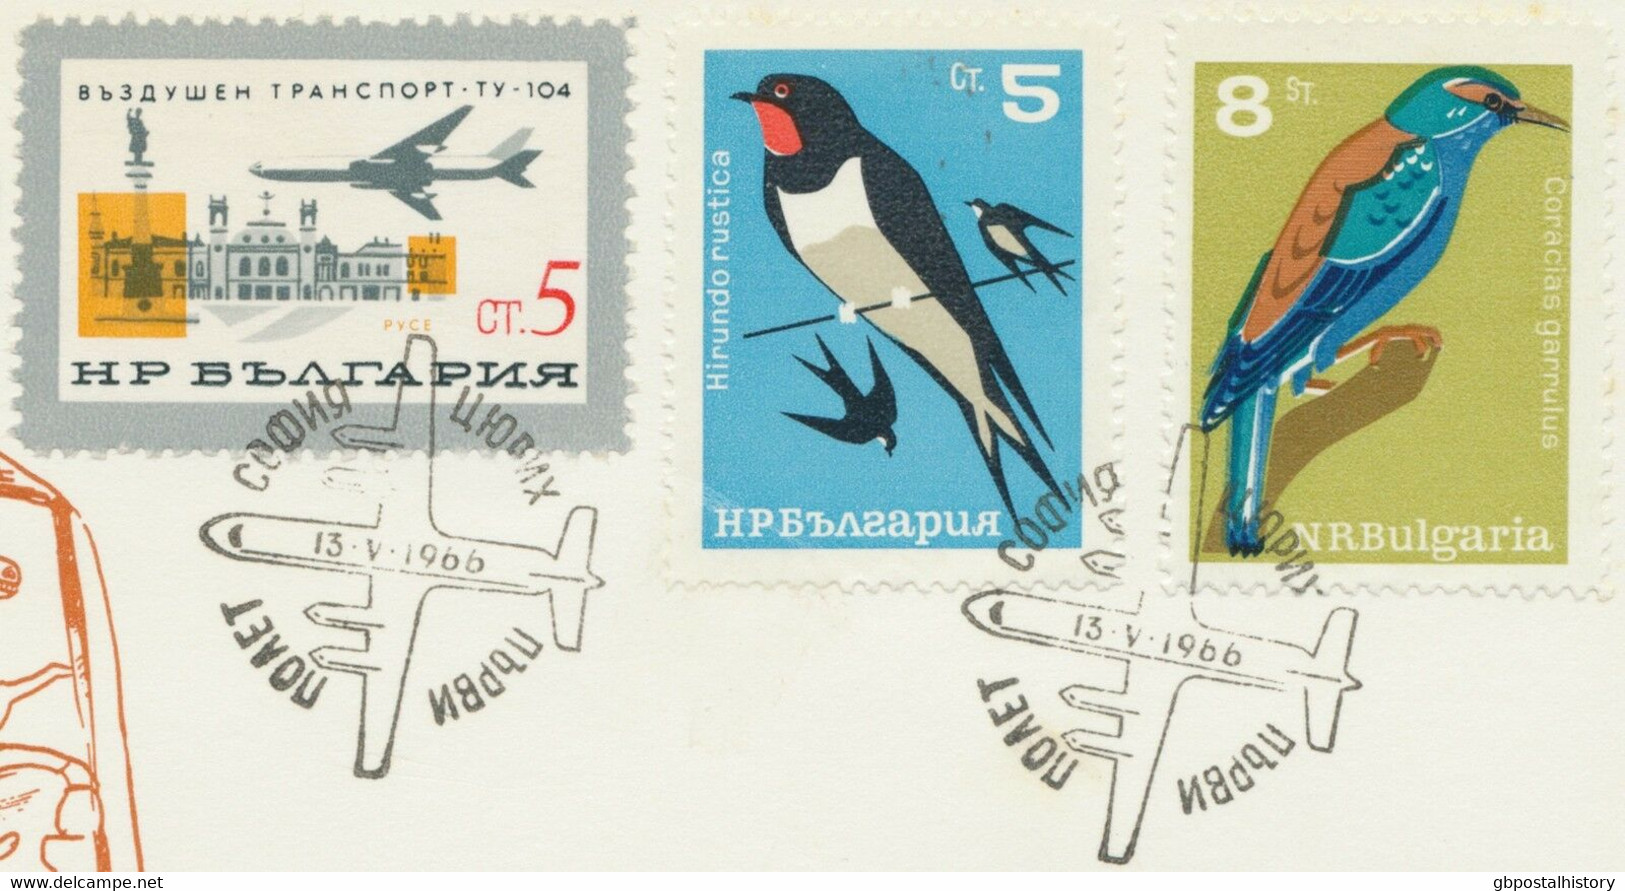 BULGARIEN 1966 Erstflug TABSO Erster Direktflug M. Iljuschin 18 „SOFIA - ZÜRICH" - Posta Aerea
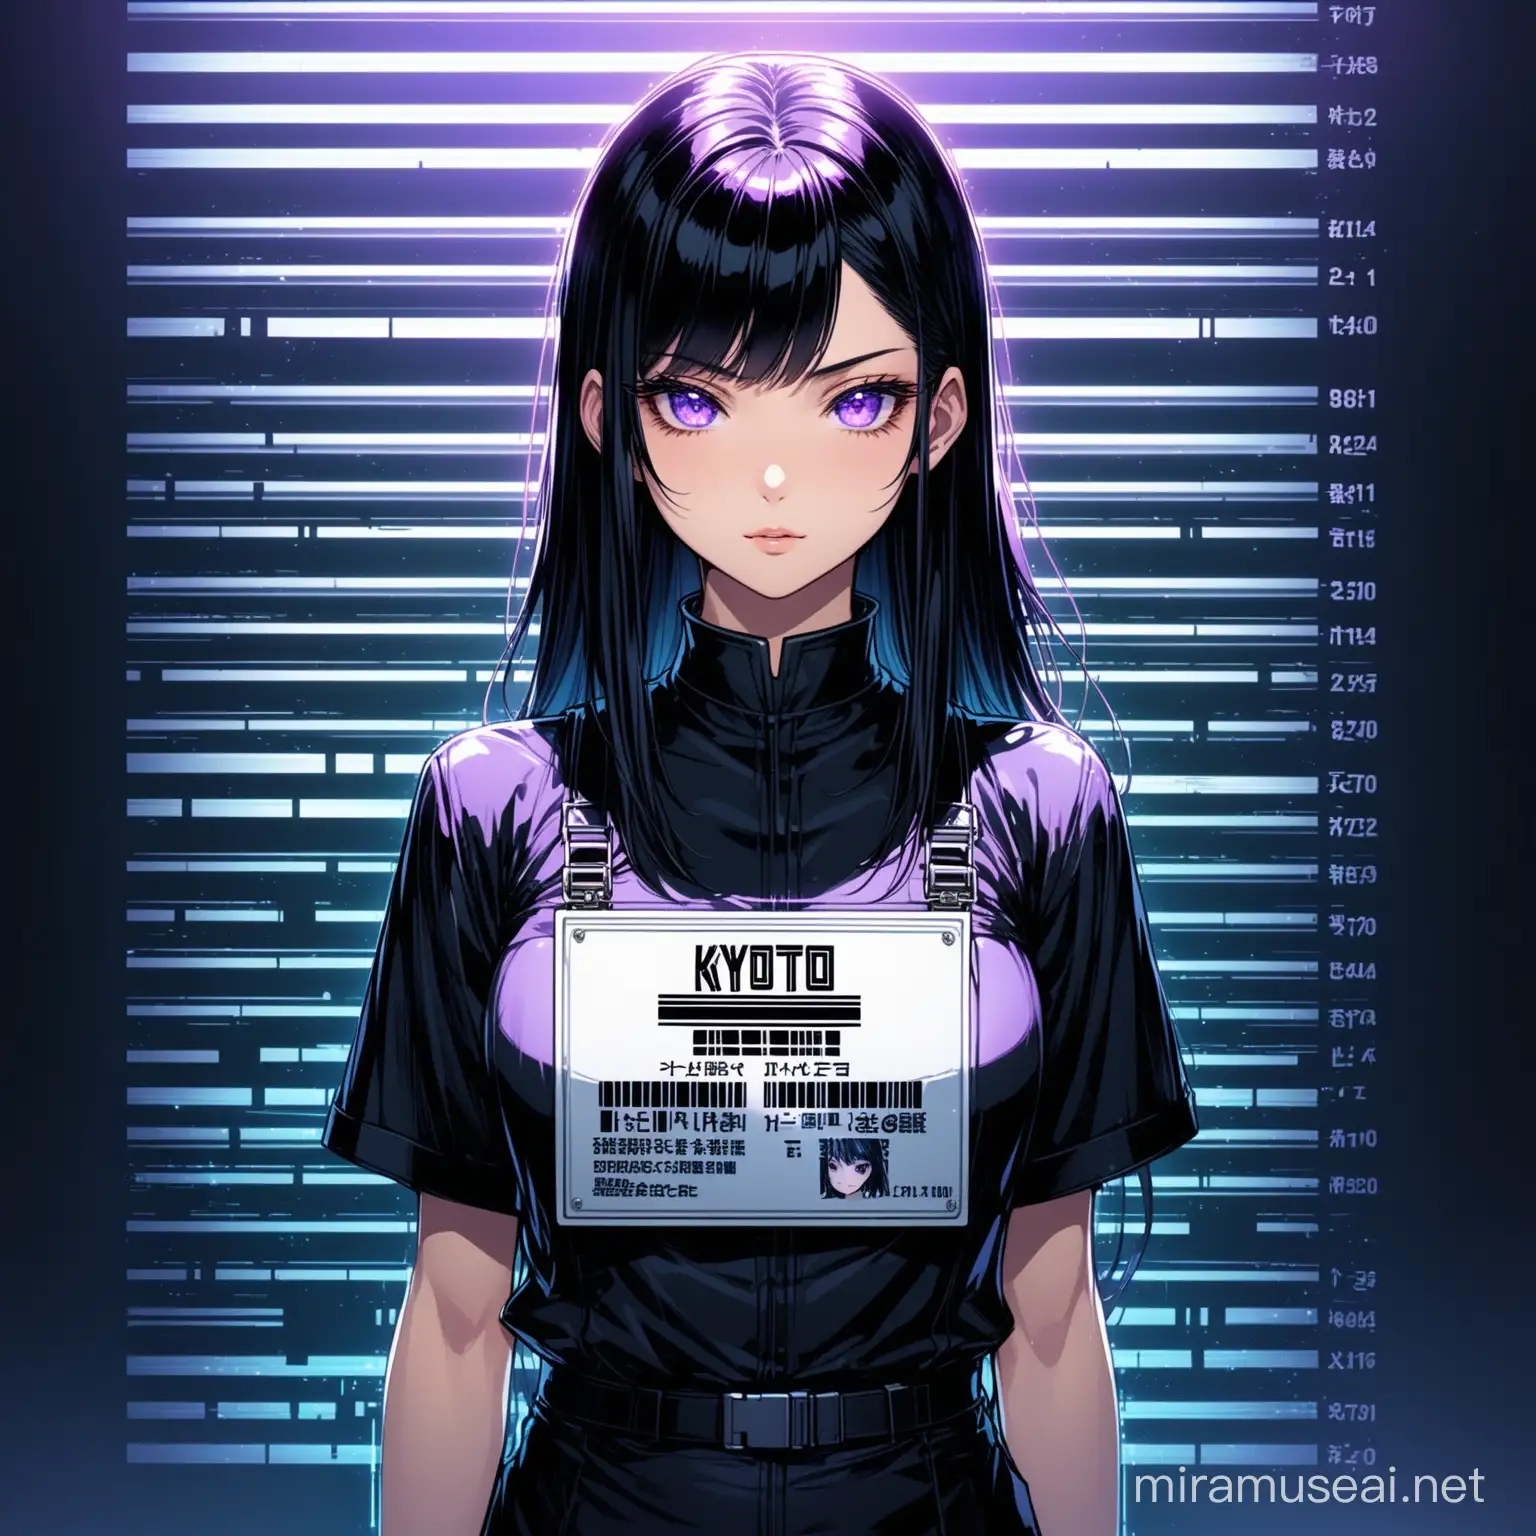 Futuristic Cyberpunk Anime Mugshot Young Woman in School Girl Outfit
...
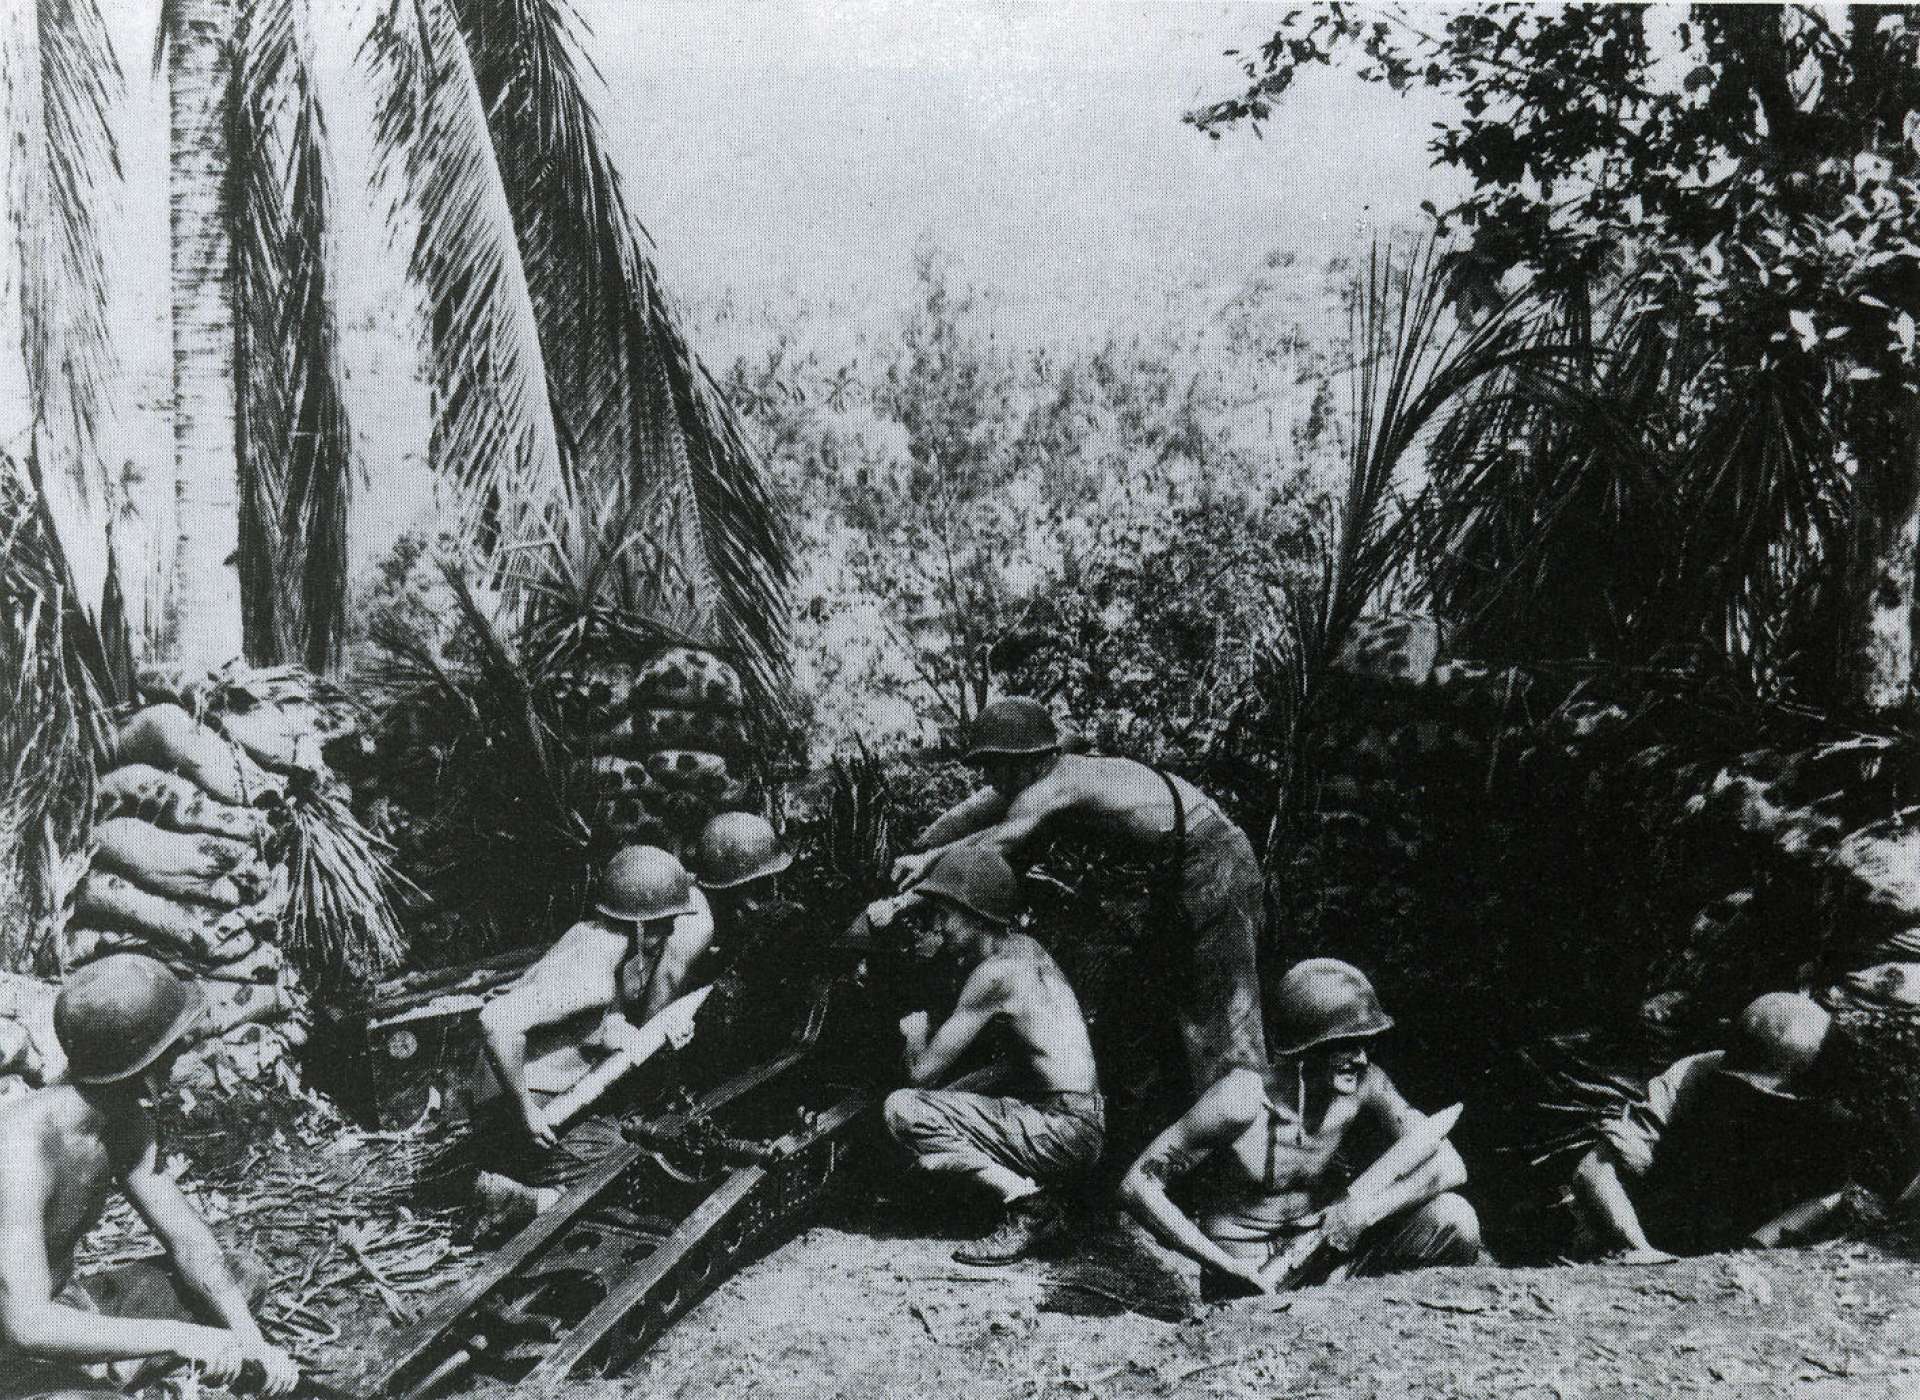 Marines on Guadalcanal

Task goal. Transcribe, word for word, the lines of the listing above from the one that contains "BULGARIEN 1966 Erstflug" through the one that contains "Futuristic Cyberpunk Anime", keeping both ends and dropping the pictures.

Response to the task.
 BULGARIEN 1966 Erstflug TABSO Erster Direktflug M. Iljuschin 18 „SOFIA - ZÜRICH" - Posta Aerea
 Futuristic Cyberpunk Anime Mugshot Young Woman in School Girl Outfit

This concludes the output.